Canucks make wholesale changes Add to ...

The Vancouver Canucks will bid adieu to veterans Willie Mitchell, Kyle Wellwood and Ryan Johnson Thursday as the trio hits the NHL's open market as unrestricted free agents.



Losing centremen Wellwood and Johnson leaves holes down the middle, but Canucks general manager Mike Gillis is in no rush to fill them with Canada Day signings. Instead, the Canucks hope to fortify their blueline and corner the market on defencemen before tinkering with their roster this summer.



"We think there will be three or four marketplaces over the course of the summer," Gillis said. "We'll keep our options open and see how it evolves."



Gillis said Thursday's opening of free agency will be followed by a flurry of trade activity this month and into August. He also expects a period before training camps in September when left-out veterans scramble to find homes.

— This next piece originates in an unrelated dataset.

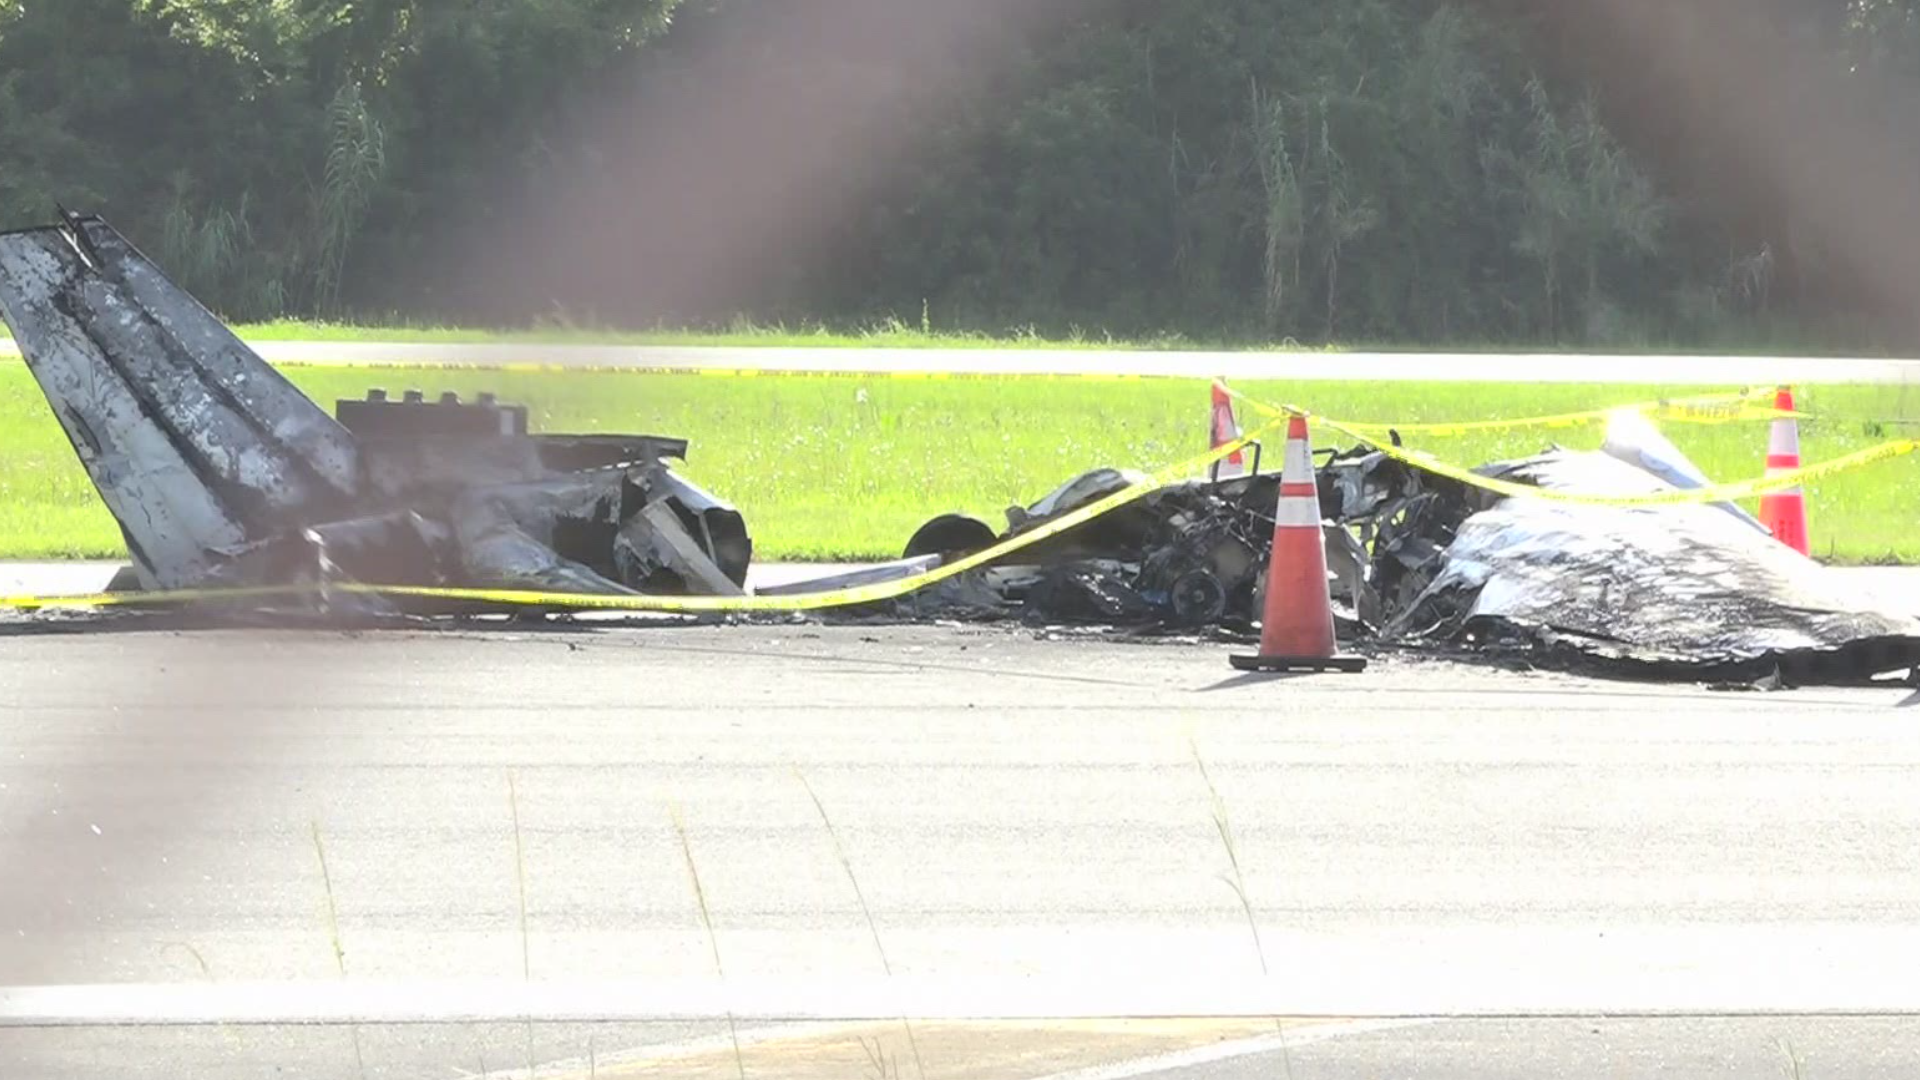 Flight instructor, prospective student killed after small plane crashes at Northeast Florida Regional Airport

The Canucks have 17 players under contract for about $50-million (all currency U.S.). That does not include four restricted free agents: top-six forward Mason Raymond, defenceman Shane O'Brien, and wingers Jannik Hansen and Tanner Glass.



O'Brien is expected to accept the Canucks' qualifying offer of $1.6-million, while Raymond, whose camp is speaking with the Canucks to avoid the messiness of arbitration, will cost at least $2-million, if not closer to $3-million.



Barring another trade, that leaves Vancouver with little space under the league's $59.4-million cap, and with few available roster spots.



The Canucks seem intent on accumulating back-end help and not repeating their 2009-10 error. Vancouver was simply run out of NHL-worthy defencemen in its second-round playoff loss to the Chicago Blackhawks last spring.



"We're going to try to be active," Gillis said.



Management believes that a deeper defence corps and more size are the keys to finally conquering the Blackhawks, who ended Vancouver's season two years running. After a draft-day deal with the Florida Panthers for Keith Ballard, the Canucks have seven defencemen under contract, not including O'Brien, and will check in with some free agents on Thursday.



But someone like Dan Hamhuis, the product of Smithers, B.C., who reportedly wants to play for his home-province club, would have to come at a discount unless the Canucks plan on clearing cap room for another high-priced addition.



Up front, the Canucks are hoping that top prospects Cody Hodgson, Jordan Schroeder and Sergei Shirokov can crack the roster. The team plans on giving them full opportunities at camp.



Hodgson is a natural centre, while Schroeder has played in the middle. Their development this summer may determine whether the Canucks pursue more help at forward.



Vancouver had previously expressed a desire to add bigger bodies and defensive-minded forwards, to their third and fourth lines, which was why burly winger Victor Oreskovich was requested in the Florida trade.



In Darcy Hordichuk, Rick Rypien and Glass, the team has several wingers who can fight, but none would be considered classic third-liners capable of logging significant minutes on a shut-down unit. Oreskovich's addition could make one of the holdovers redundant.